If you are in a dip, there’s some good news.

Just as gradually as your happiness levels drop, Rauch says, you one day begin to feel good about your life again.

“It turns around when you least expect it to,” he says.

And Rauch, who has authored a book on the happiness curve, says “the best is yet to come” — life gets better after 50.

“As we age through later adulthood, positivity actually increases, life satisfaction increases, and we experience less regret and less stress,” he says.

“The emotional peak of life on average is not until the 60s and 70s, and sometimes beyond.”

Associate Professor Bryant says as we age, we “develop cognitive abilities that enable us to deal with life better”.

“We tend to think that from youth to mid-life is a sort of upward trajectory and then after that it kind of goes downhill,” she says.

“But our capacity for more complex thinking keeps on developing right through mid-life, and it’s part of that capacity for more complex thinking that also enables us to have a more nuanced view of life, and be happier and more contented about it.”

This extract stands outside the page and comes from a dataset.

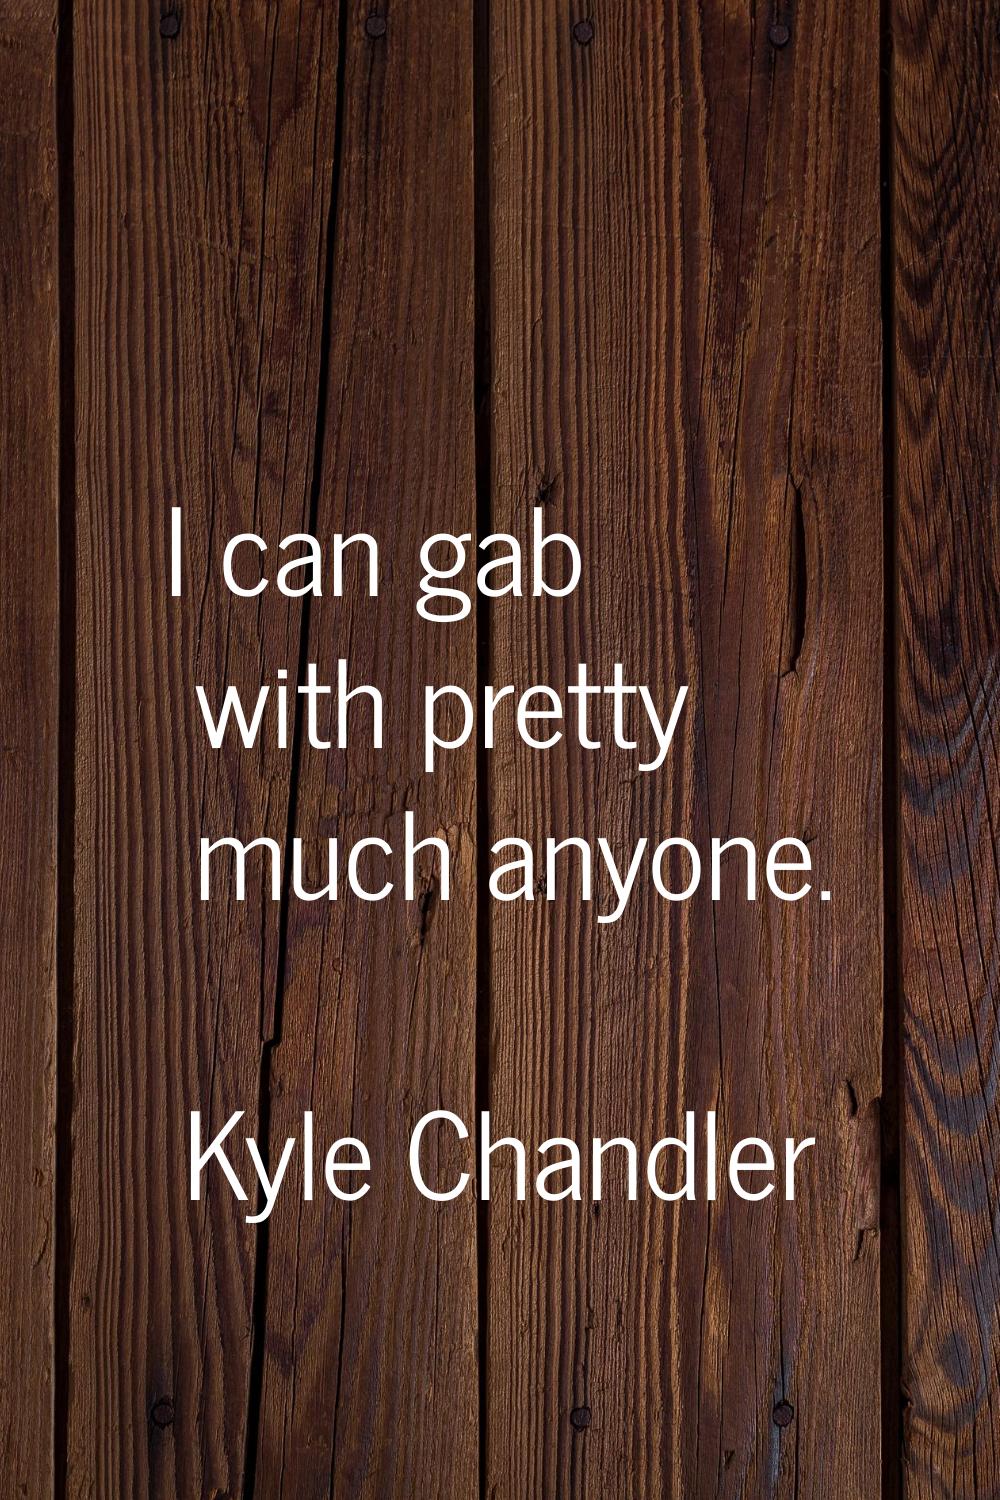 I can gab with pretty much anyone.
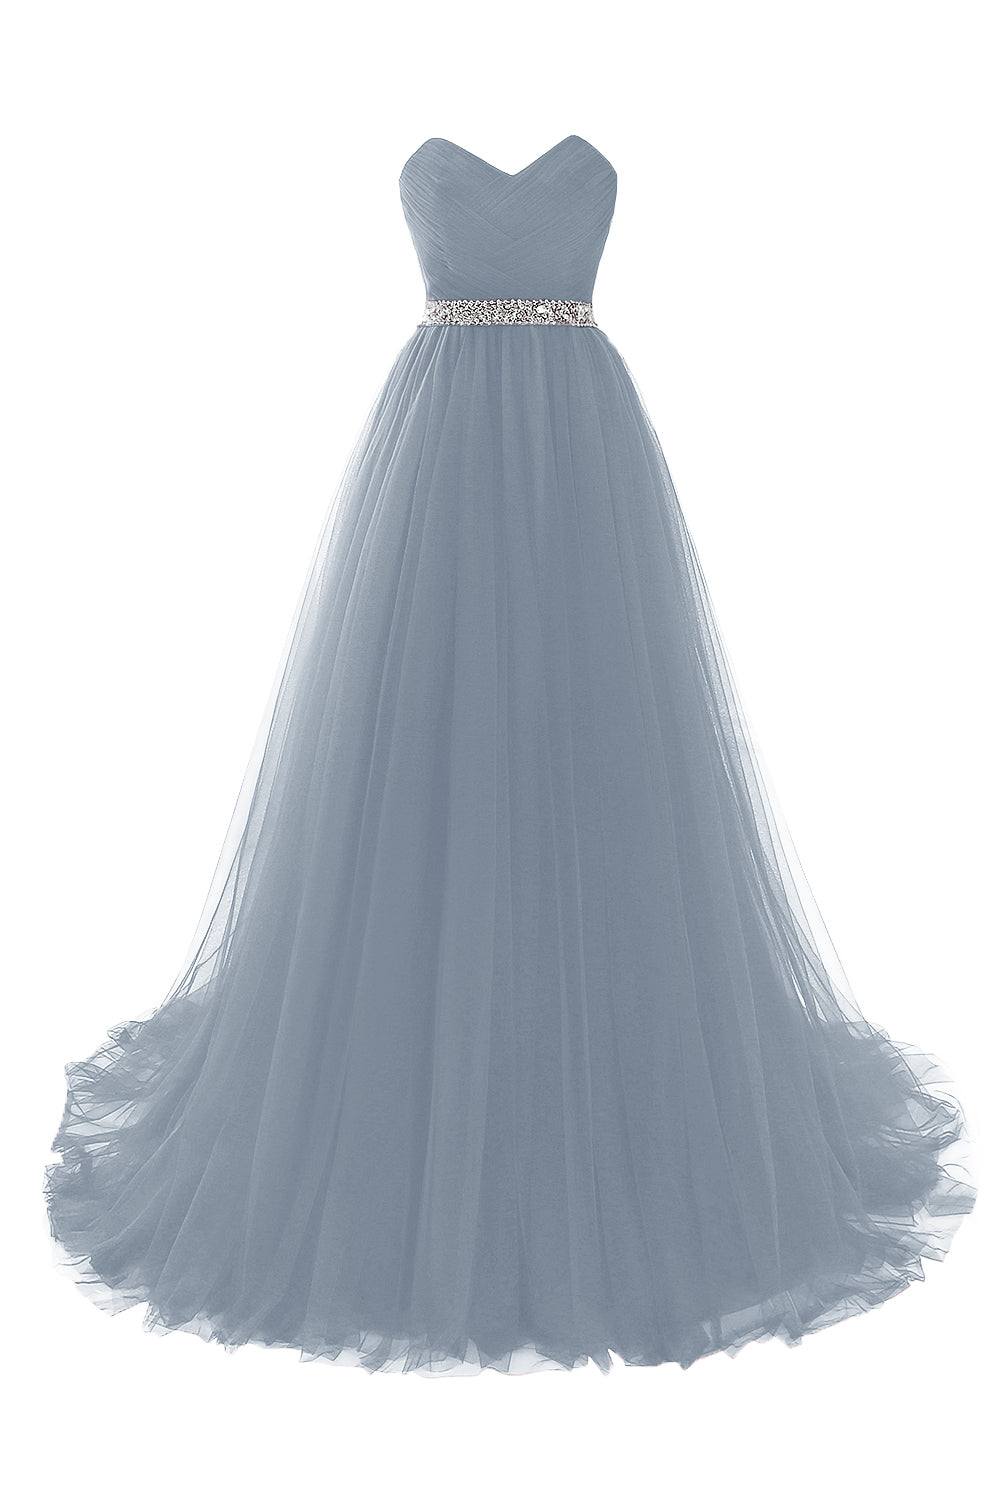 Elegant Burgundy Tulle Evening Dresses | Long Crystal Prom Gowns

How you can help a friend in a rut

There are simple things you can do to make your life easier while you wait for the upward swing in your happiness.

“Don’t let yourself become isolated. Understand that what you’re going through is normal. Talk to people about it,” Rauch says.

He also has some advice for people watching someone who seems unhappy in mid-life.

“Reach out to them, be supportive, don’t mock them. Those jokes about ‘when are you going to get your sports car’ aren’t helpful,” he says.

“They don’t need a doctor either, they don’t need anti-depressants. This is not a mood disorder, this is a contentment disorder.

“It needs friends and support and an understanding society.”